The term "Survival of the fittest" is often avoided by biologists due to its frequent misinterpretation by the non-scientific community.
Adaptation:
Traits that are selected for by natural selection.
A heritable trait that increases the relative fitness of individuals.
Adaptation is a process where individuals within a population acquire traits that increase their relative fitness.
An organism can be "better adapted" to a particular environment due to the process of adaptation over a long period.
Adaptation as a process is similar to natural selection but implies the formation of a fitness-enhancing trait rather than just the operation of selective agents.
Artificial Selection
Definition:
Analogous to natural selection, but humans are the selective agents.
Process:
Humans select individuals from domesticated plants and animals to breed based on desirable traits (e.g., high food yield, ability to assist humans).
Key Differences from Natural Selection:
Selective pressure results from human preference rather than non-human environmental conditions.
Resulting traits may not necessarily improve survival and reproduction in the wild and may not be adaptive in the wild.
Evidence for Evolution
Three Main Conclusions of Evolutionary Theory:
Species are related.
Species (and species diversity) change over time.
Evolution can be observed in the short term.
Macroevolution:
Large-scale changes, such as the transformation of one major taxonomic group into another (e.g., fish to amphibians to reptiles) or the creation/extinction of species.
Microevolution:
Small-scale changes in a population over generations that lead to genetic divergence between populations.
Accumulation of microevolutionary changes over time can result in macroevolution.
Macroevolution Evidence
Evidence for Species Relatedness:
Geographic proximity of similar, non-interbreeding species (e.g., different species of mockingbirds on the Galapagos Islands).
Homology: Similarity in traits among different species due to shared ancestry.
Genetic Homology: Similar gene sequences between different species.
Developmental Homology: Similarities in the morphology of embryos of different species.
Structural Homology: Similarities in the structure of body parts of different species.
Evidence for Species Change Over Time:
Fossil Record:
Not all species existed simultaneously.
Extinction has occurred.
Transitional forms exist.
Major increases in species complexity take billions of years.
Life originated in the sea.
Vestigial Traits:
Structures commonly found in a species that have little or no function.
Contrast with Atavism: A vestigial trait found in very few individuals within a species.
Microevolution
Examples:
Antibiotic resistance in bacteria, as seen in the sinus infection example.
Misconceptions about Evolution
Common misunderstandings that fuel controversy:
Evolution implies there is no God.
Humans evolved from apes.
Individuals evolve.
Adaptation occurs because a species needs/wants it.

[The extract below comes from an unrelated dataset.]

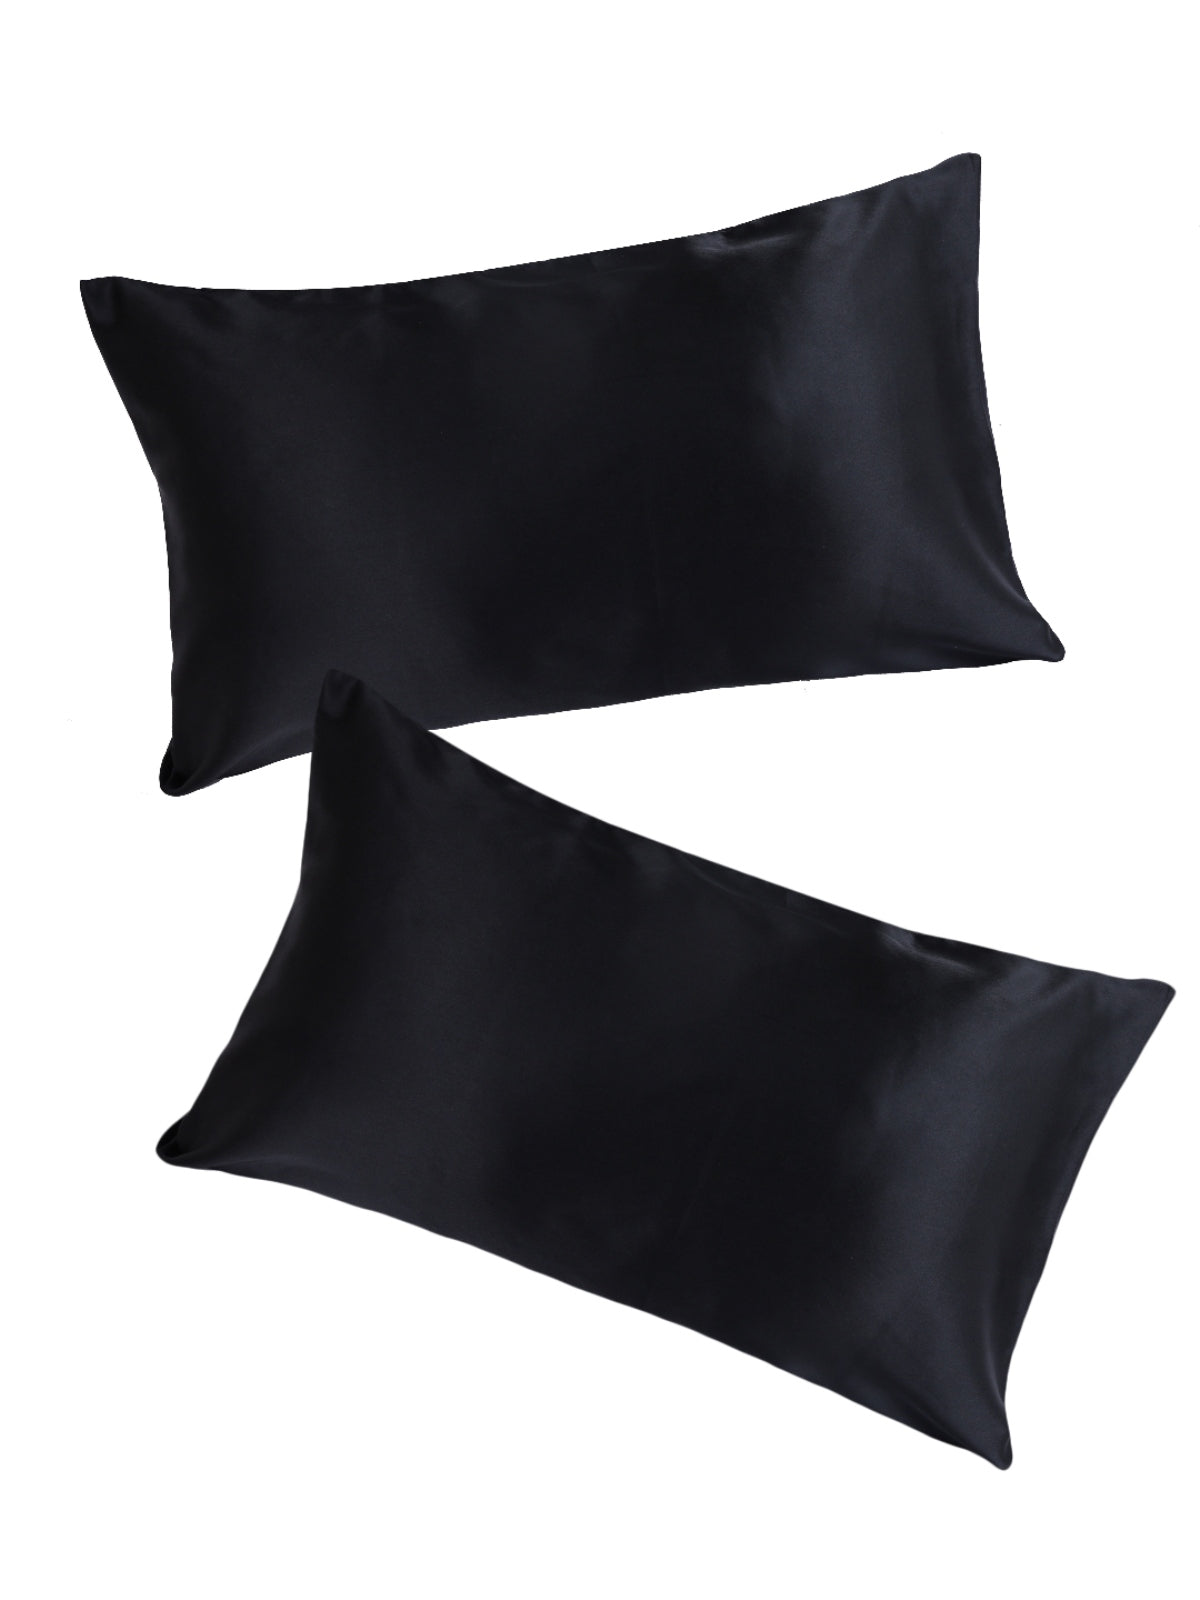 Black Set of 2 Solid Patterned Pillow Covers

Evolution always leads to more complex or better organisms.
Animals act for the good of the species.
All traits are adaptive.
Functional traits have unlimited adaptive potential.
Evolution as a Scientific Framework
Hypothesis Generation:
Evolution provides a framework for generating testable and rejectable hypotheses.
Predictive Power:
Evolutionary theory allows us to make predictions about biological systems and test them through experiments.
Example: Homicide (Daly and Wilson 1988).
Evolutionary Trends
Long-term trends resulting from macroevolutionary processes:
Increase in multicellularity.
Increase in complexity.
Increase in ways to capture energy.
Increase in ways to interact with the environment (biotic and abiotic).